Software teams are not ready for the AI they just bought.
Our point of view, in one line: the constraint on AI-assisted delivery is not the model — it is the delivery model wrapped around it. Here is the argument, and what we build as a consequence.
Every company we meet has already bought the tools. Licenses are provisioned, the pilots have run, and the demo was impressive. Then the work goes back into the same intake forms, sprint ceremonies, and billing structures as before — and the gains quietly evaporate.
This page is the thinking our whole company is built on. If you disagree with it, we are probably not your partner; if you recognise yourself in it, the rest of this site will make sense.
The model is no longer the bottleneck
Modern AI agents can scaffold an application, write the tests, draft the migration, and produce a credible first pass of almost any repetitive engineering task. The hard part is no longer generating the work — it is deciding what is worth generating, and standing behind the result.
Old delivery models absorb AI as a rounding error
A team optimised for billing hours and headcount has no incentive to compress timelines. When agents finish in a day what was scoped for a month, the process quietly reinflates the month — ceremony, coordination, and review layers expand to fill the space. You get 10% faster, not 10x.
Judgment is the scarce input
The valuable unit of work is no longer output — it is decisions: what to build, what to cut, what "done" means, what risk is acceptable. That is senior, accountable, human. Everything else is delegable, and should be delegated to machines.
What follows from it
If the argument above holds, it does not just change how code gets written. It changes how a delivery company should be staffed, priced, and held accountable.

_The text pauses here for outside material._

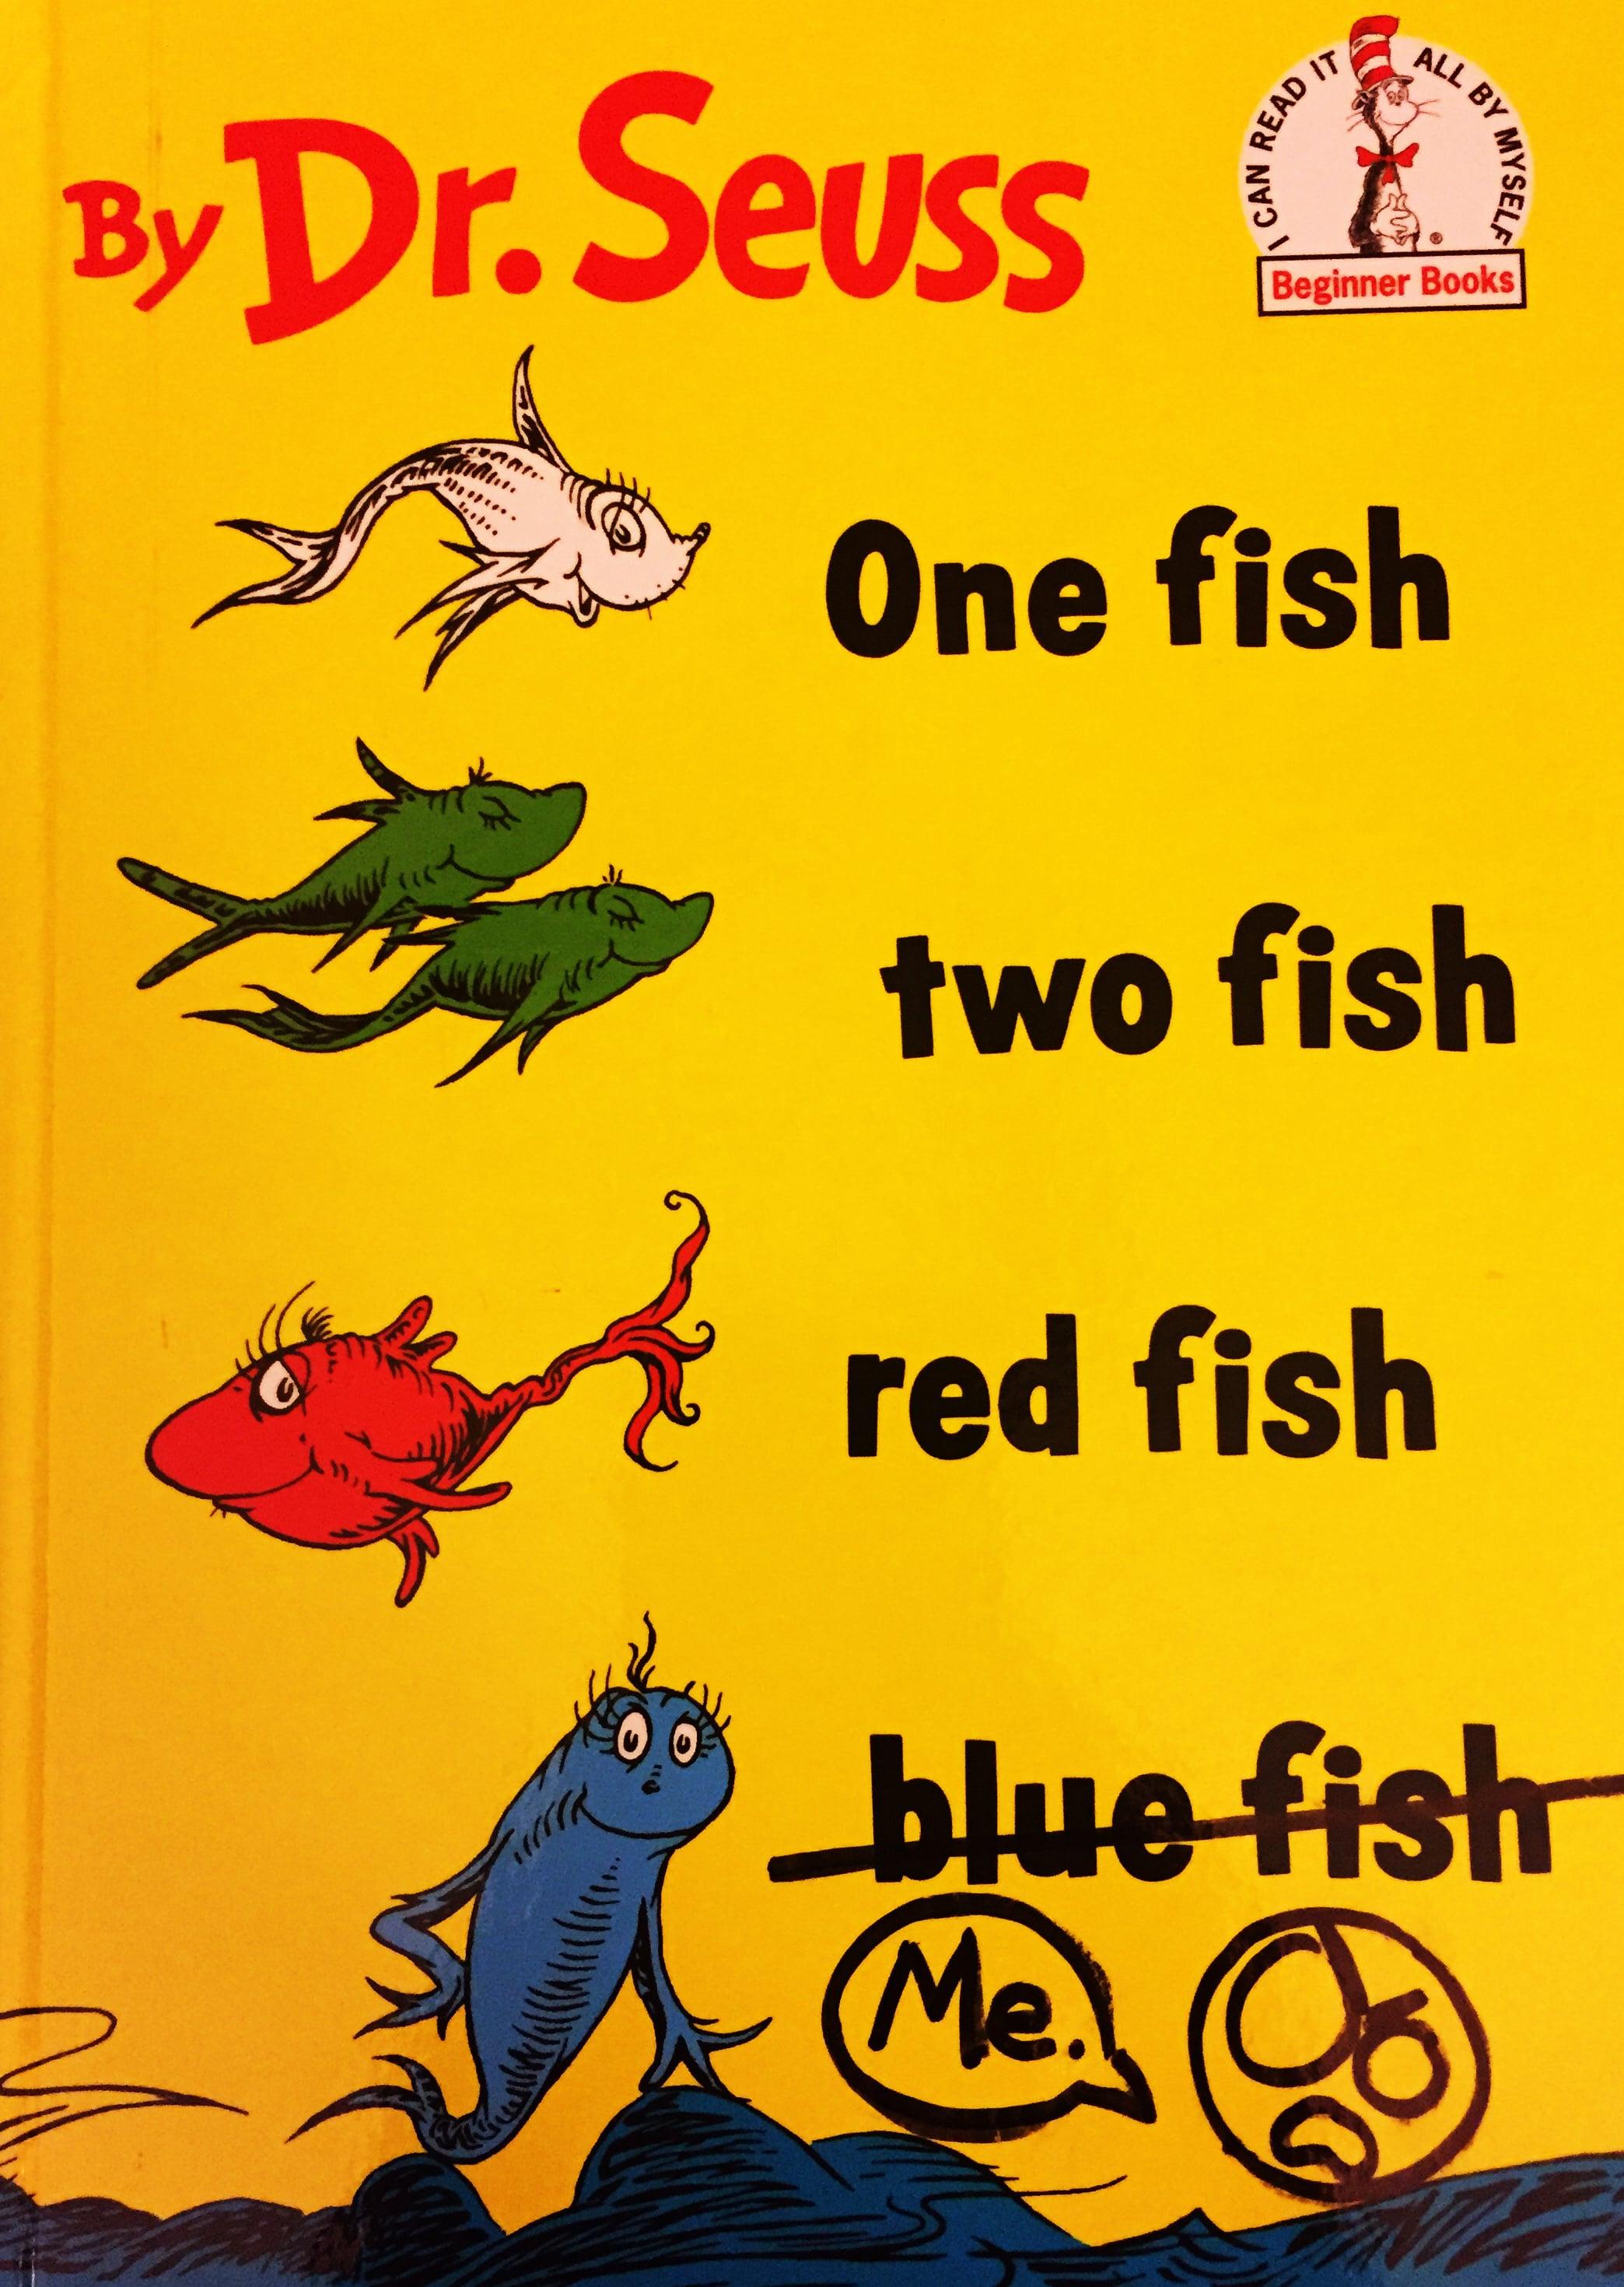 Warpo Fish 1 copy.jpg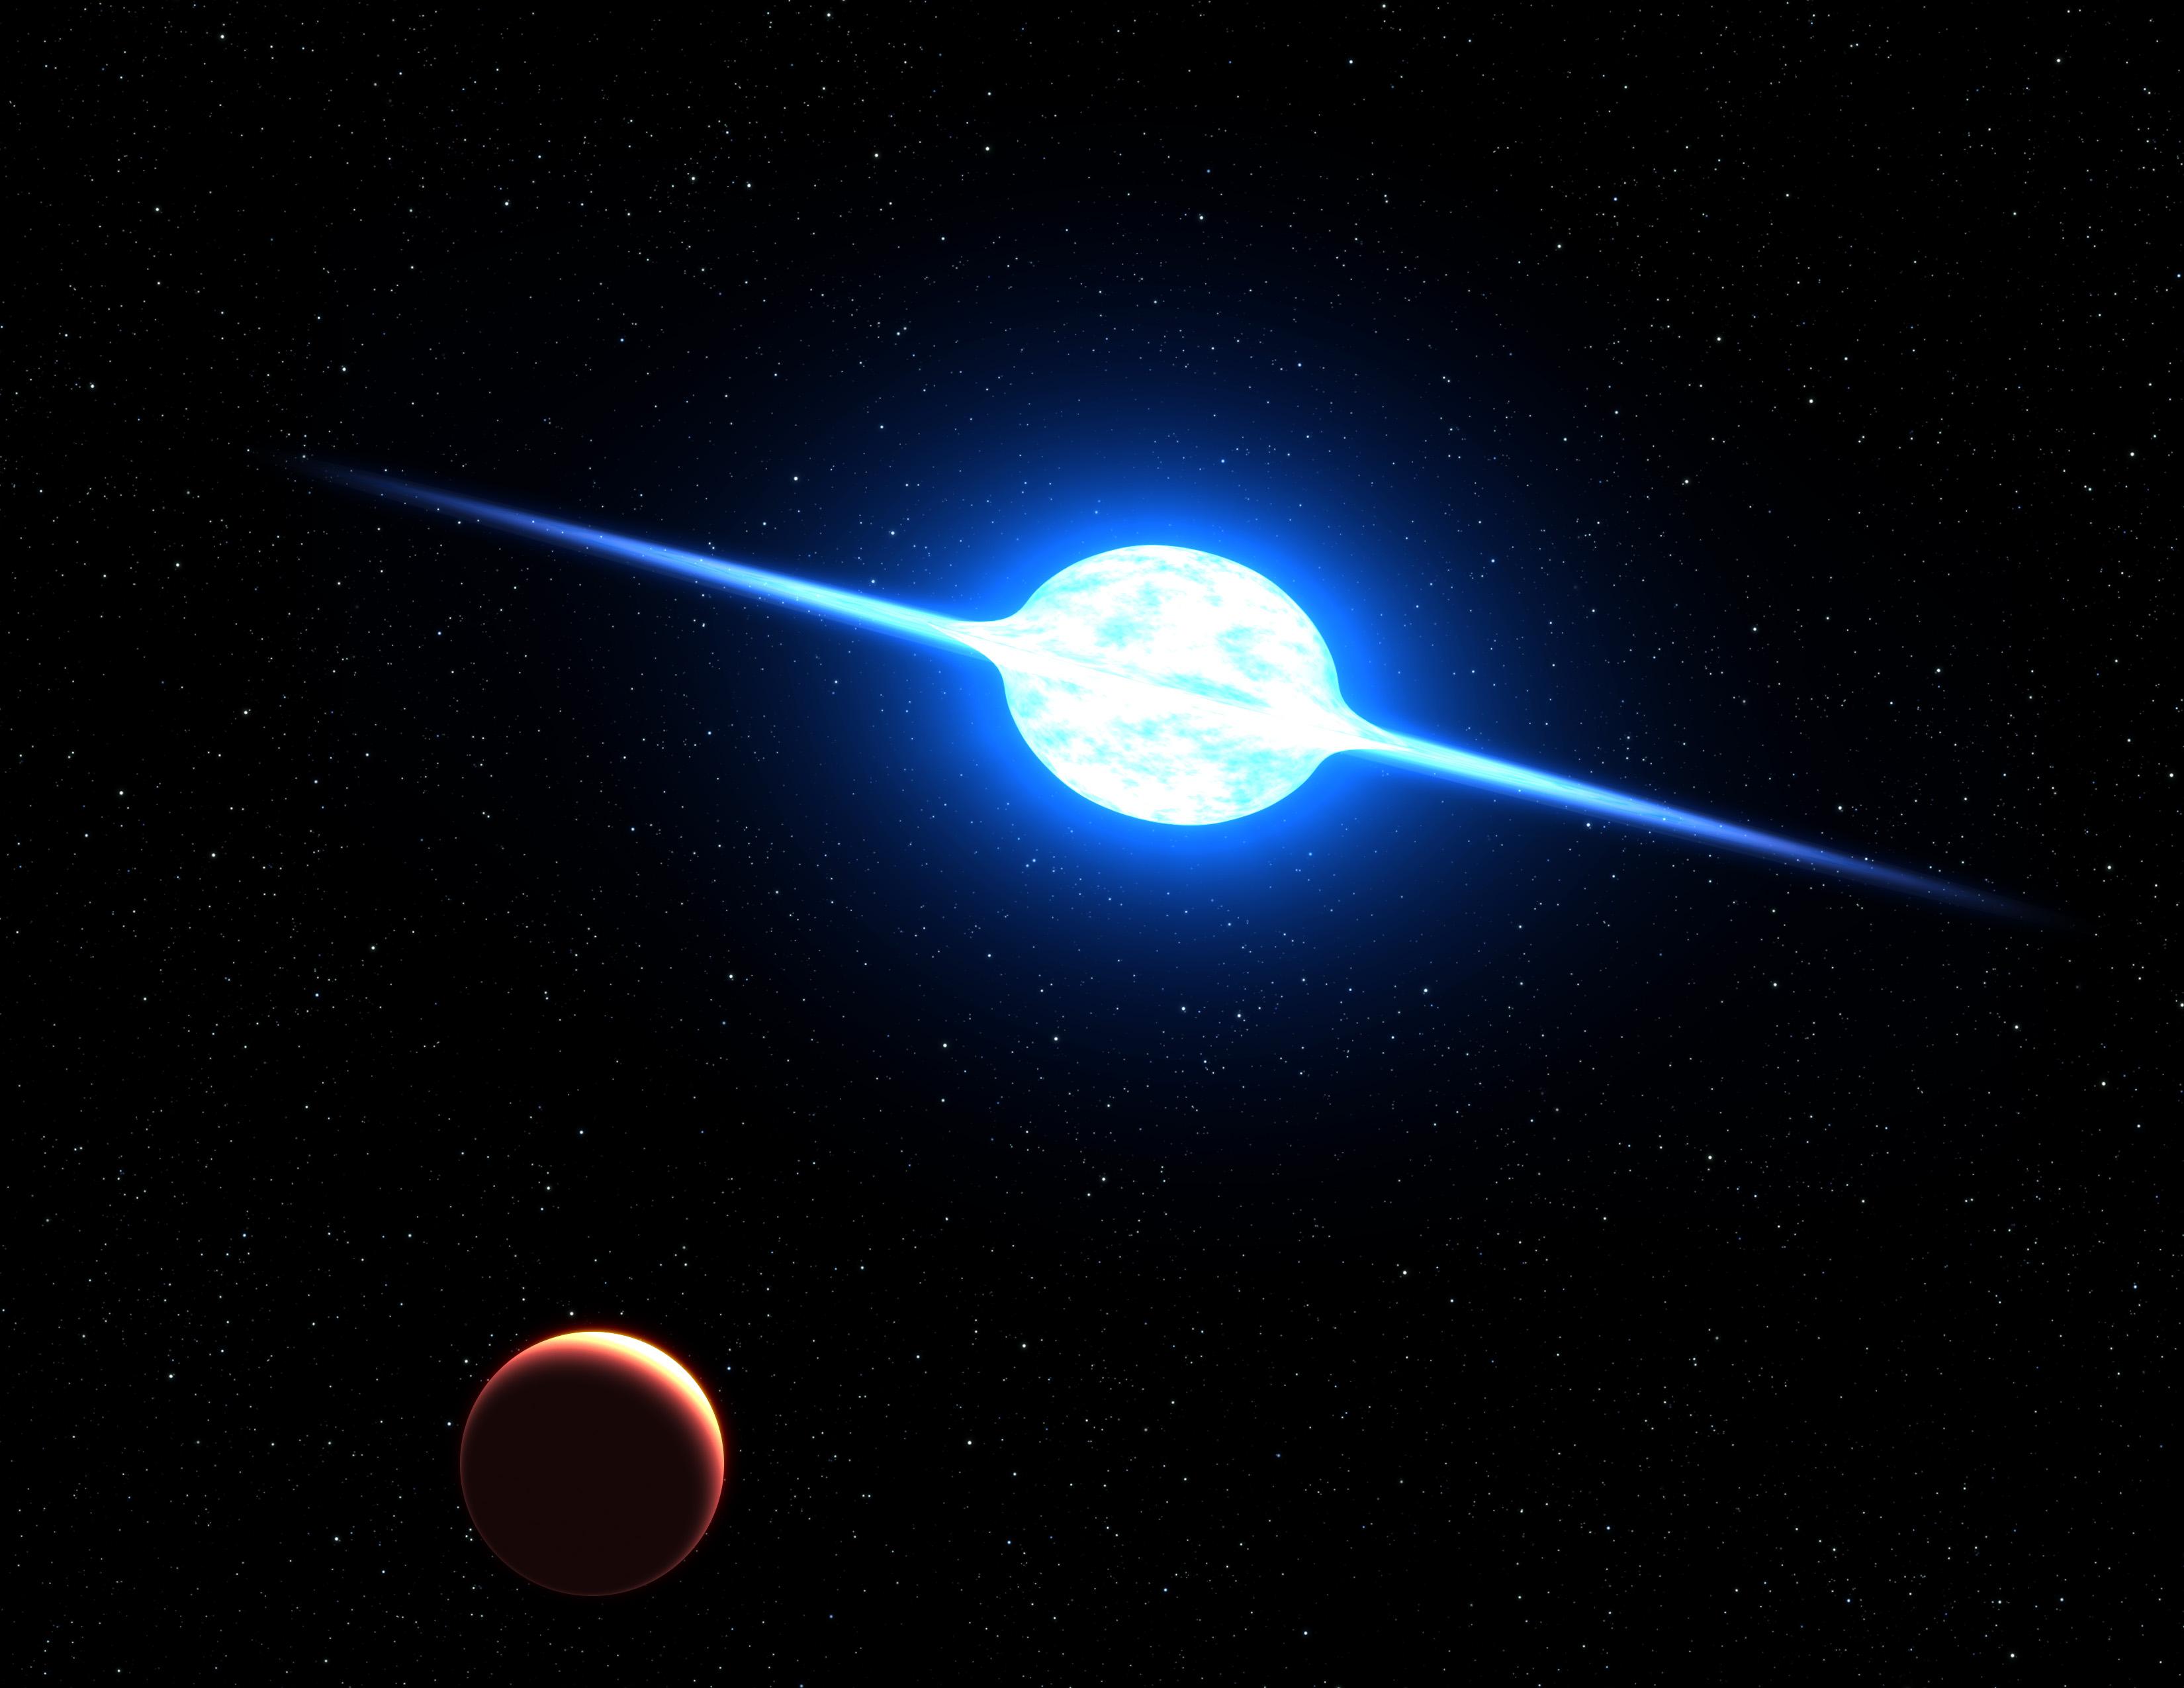 Papel De Parede Planeta Nasa C U Atmosfera Universo  -> Imagens Do Universo Para Papel De Parede

These are the consequences we chose to live:
Staff for decisions, not hours
One senior engineer directing a fleet of agents replaces a room of coordinators. Teams get smaller, not just faster.
Price the outcome, not the meter
When execution cost collapses, hourly billing stops making sense for anyone but the seller. Fixed milestones keep incentives pointed at your result.
Transparency becomes the quality gate
Agent output needs visible review: what the machine produced, what the human changed, and why. Weeks-long reveals are incompatible with day-long cycles.
Ownership is non-negotiable
Speed means nothing if you are locked in. Code, prompts, infrastructure, and documentation must land in a state your own team can understand and extend.
Where this thesis gets tested
A thesis is only worth the engagements that stress it. Every project we take is structured as evidence for or against the argument above: a small senior team, agents doing the repetitive work, fixed milestones, and progress you can inspect weekly. When the model fits, it is dramatic. When it does not, we say so on the first call.